# Differential constants

• Nov 15th 2009, 02:30 AM
davefulton
Differential constants
Could somebody please check I have got the value of the constant correct for this D.E

$\displaystyle \frac{dy}{dt}= - \frac{8t}{1+t^2}$

I get

$\displaystyle y = \frac{1}{(1+t^2)^4}$

where C = c2 - c1 = 0
• Nov 15th 2009, 03:12 AM
mr fantastic
Quote:

Originally Posted by davefulton
Could somebody please check I have got the value of the constant correct for this D.E

$\displaystyle \frac{dy}{dt}= - \frac{8t}{1+t^2}$

I get

$\displaystyle y = \frac{1}{(1+t^2)^4}$

where C = c2 - c1 = 0

(You will need to show all your work if you want your error(s) corrected.
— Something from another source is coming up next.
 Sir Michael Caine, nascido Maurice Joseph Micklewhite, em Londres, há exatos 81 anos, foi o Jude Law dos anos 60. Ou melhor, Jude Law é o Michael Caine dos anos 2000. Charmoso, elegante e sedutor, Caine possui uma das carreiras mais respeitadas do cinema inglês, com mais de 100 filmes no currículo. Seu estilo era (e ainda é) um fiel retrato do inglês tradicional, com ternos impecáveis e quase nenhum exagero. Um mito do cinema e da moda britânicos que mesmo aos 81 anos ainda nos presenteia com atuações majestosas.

And you will need to include whatever boundary condition came with the question).
• Nov 15th 2009, 03:34 AM
davefulton
Thank you, sorry I missed off the y term

So if

$\displaystyle \frac{dy}{dt}=-\frac{8ty}{(1+t^2}$

then

$\displaystyle \frac{1}{y}dy=-\frac{8t}{(1+t^2}dt$

integrating

$\displaystyle \ln(y)+c1=-4\ln(1+t^2) + c2$

therefore

for y(0)=1

$\displaystyle y=\frac{1}{(1+t^2)^4}$